**ASSIGNED TASK:** For the listing below, the answer is an exact retyping of the lines from the one with "DIY Enthusiast Using" through the one with "Man with garden hose pipe Stock Photo", both included, without pictures.

**RAW DATA:**
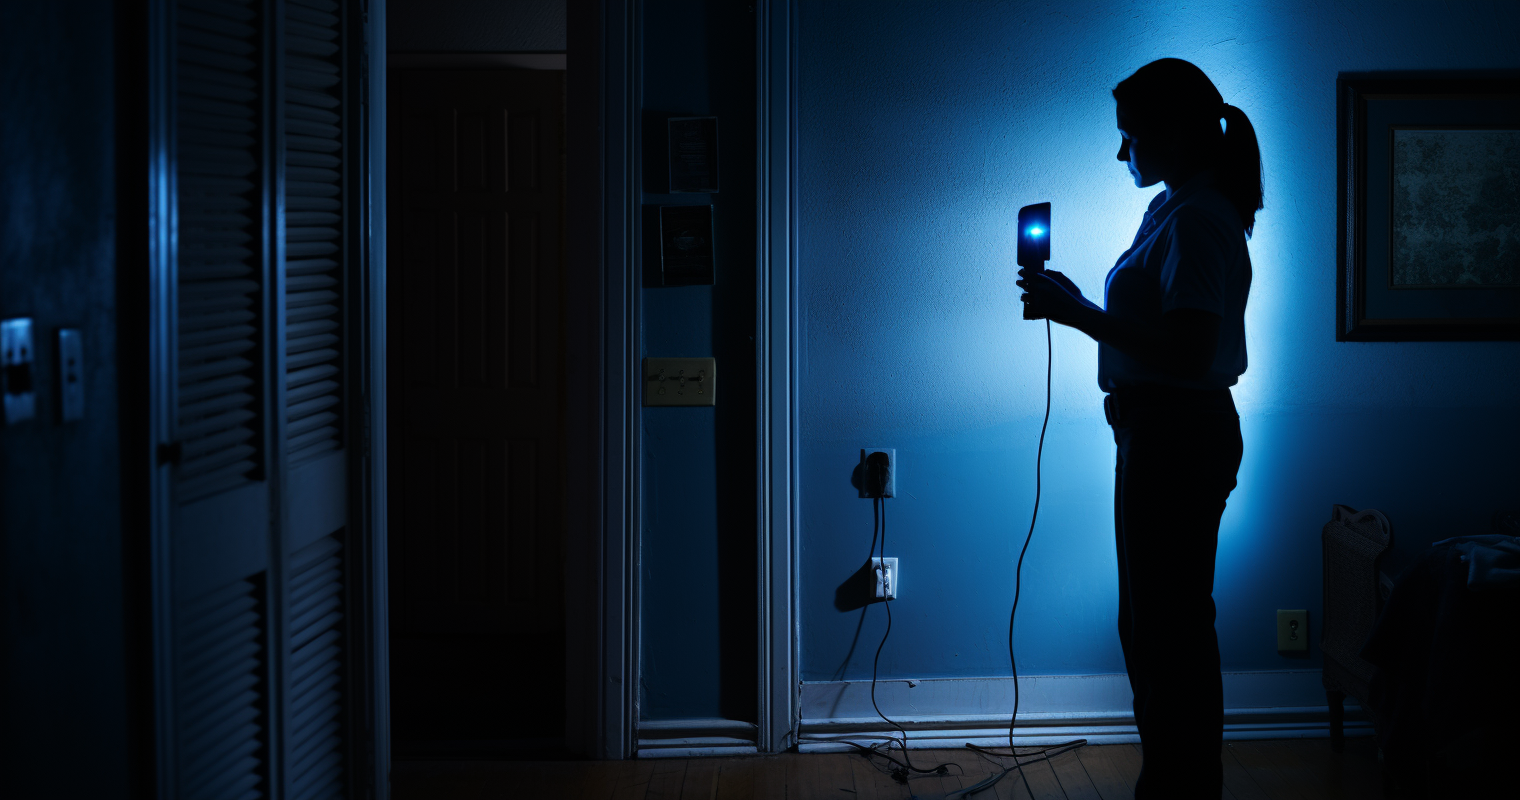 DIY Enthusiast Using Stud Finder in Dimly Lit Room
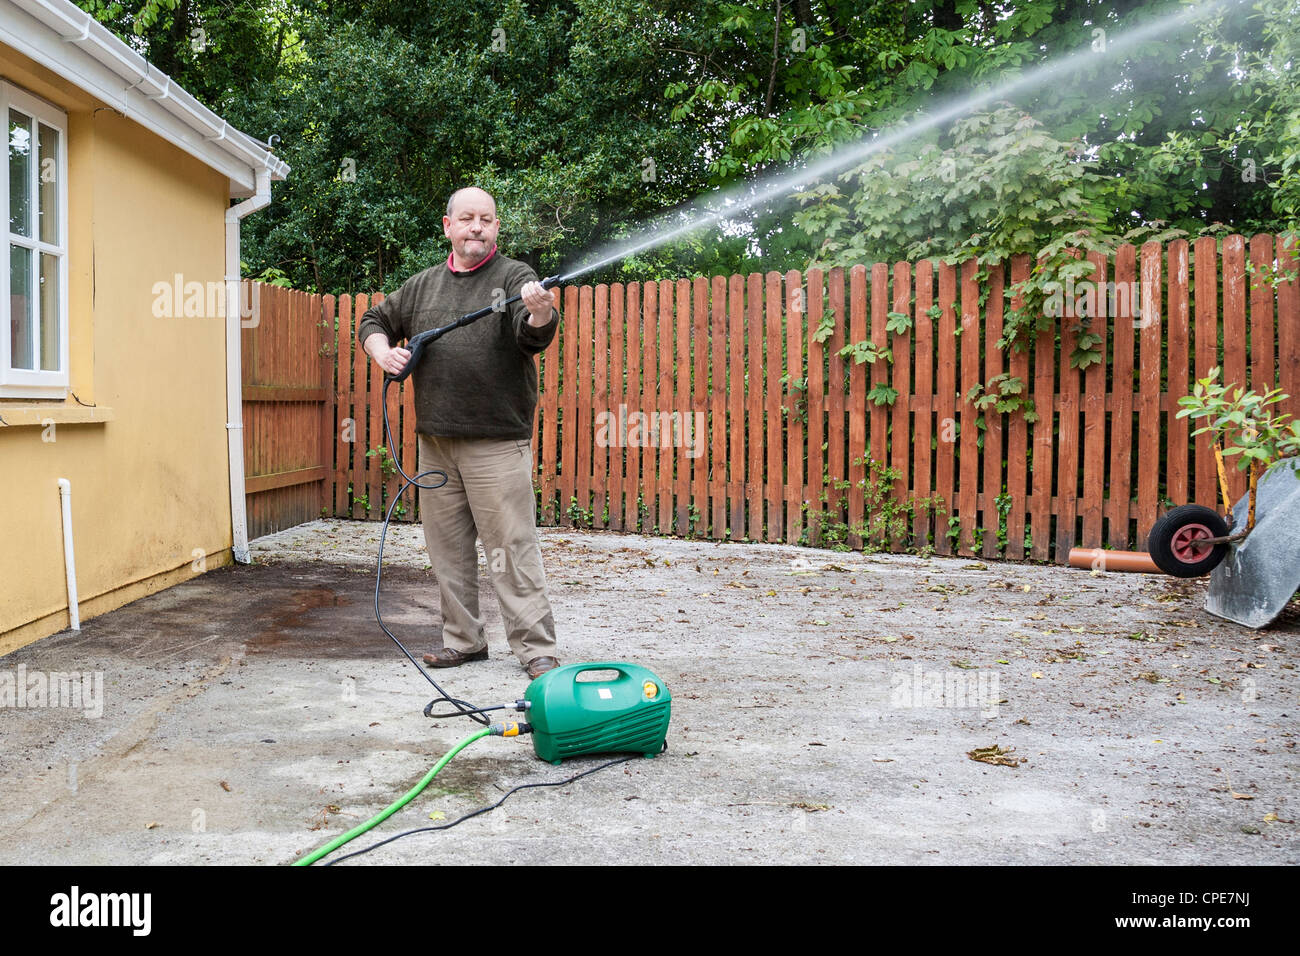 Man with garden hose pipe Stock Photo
==
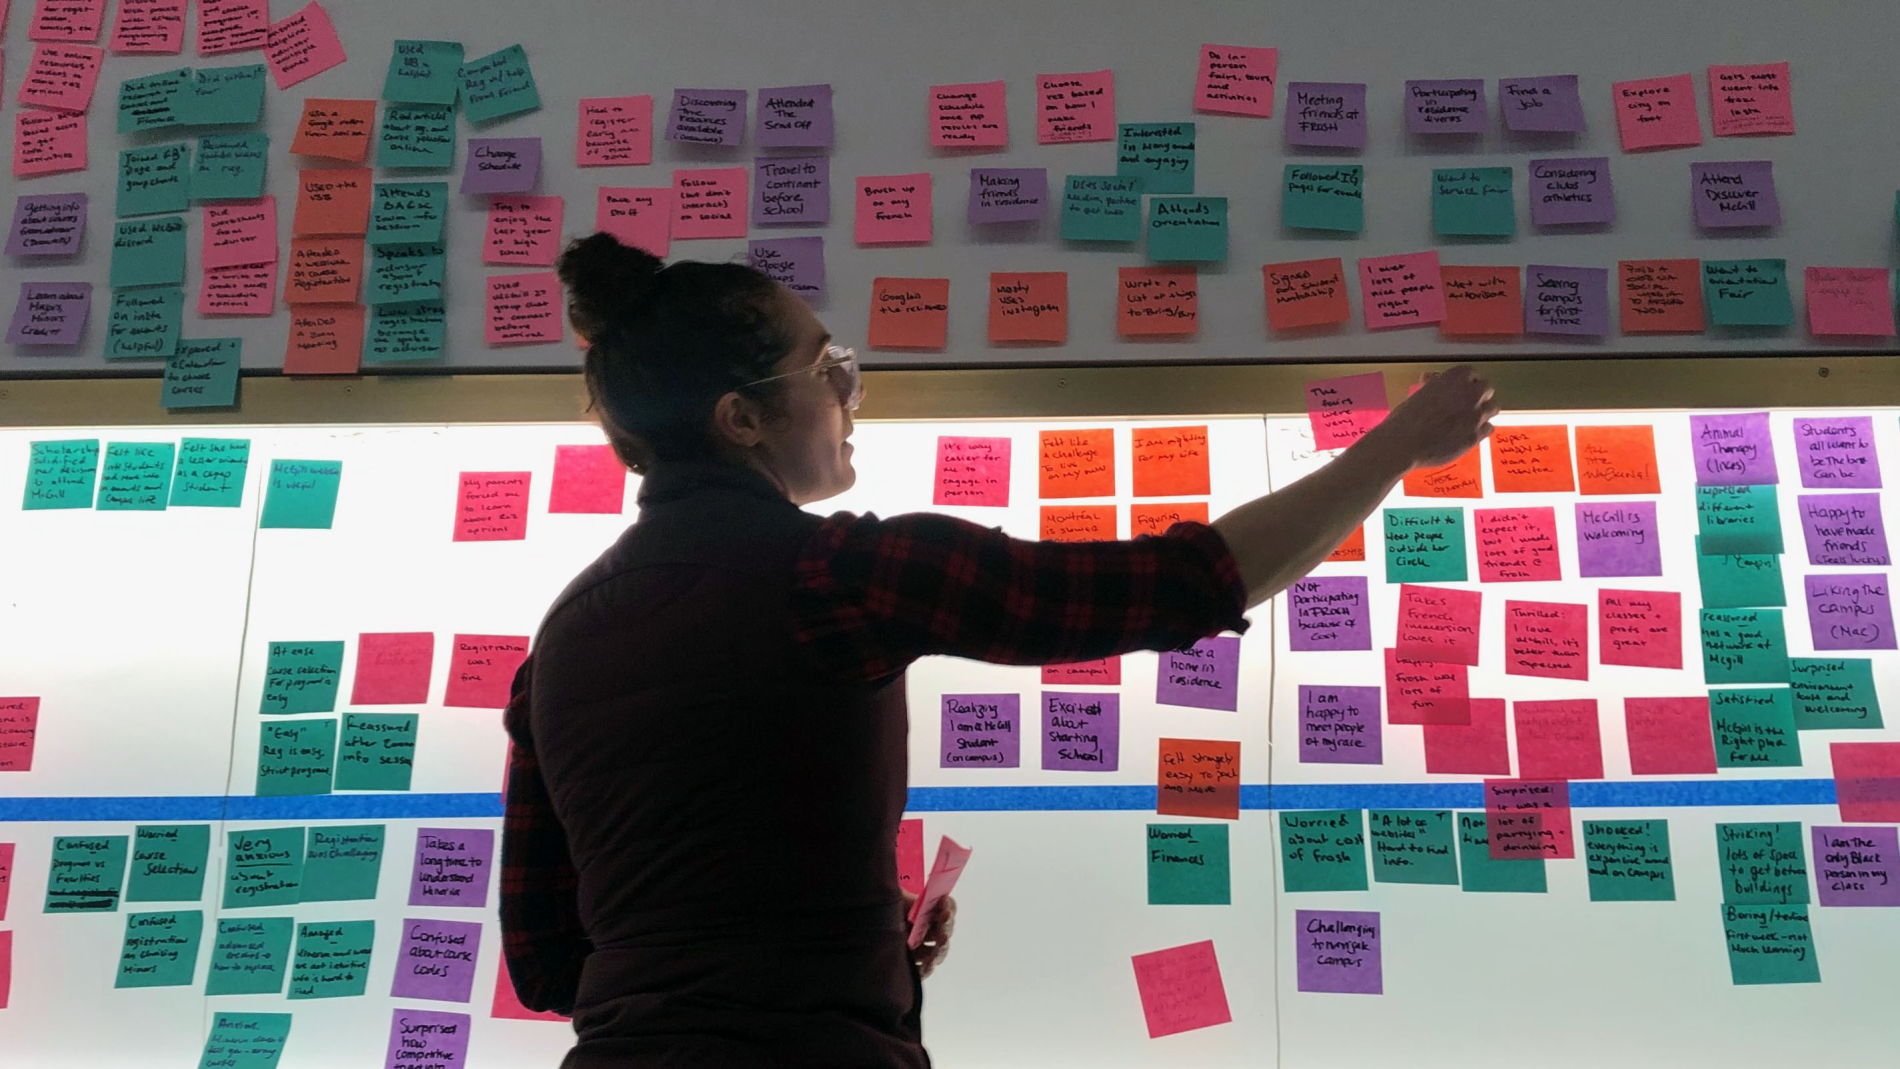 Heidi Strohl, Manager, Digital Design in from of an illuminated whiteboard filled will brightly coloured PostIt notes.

**WORKED SOLUTION:**
 DIY Enthusiast Using Stud Finder in Dimly Lit Room
 Man with garden hose pipe Stock Photo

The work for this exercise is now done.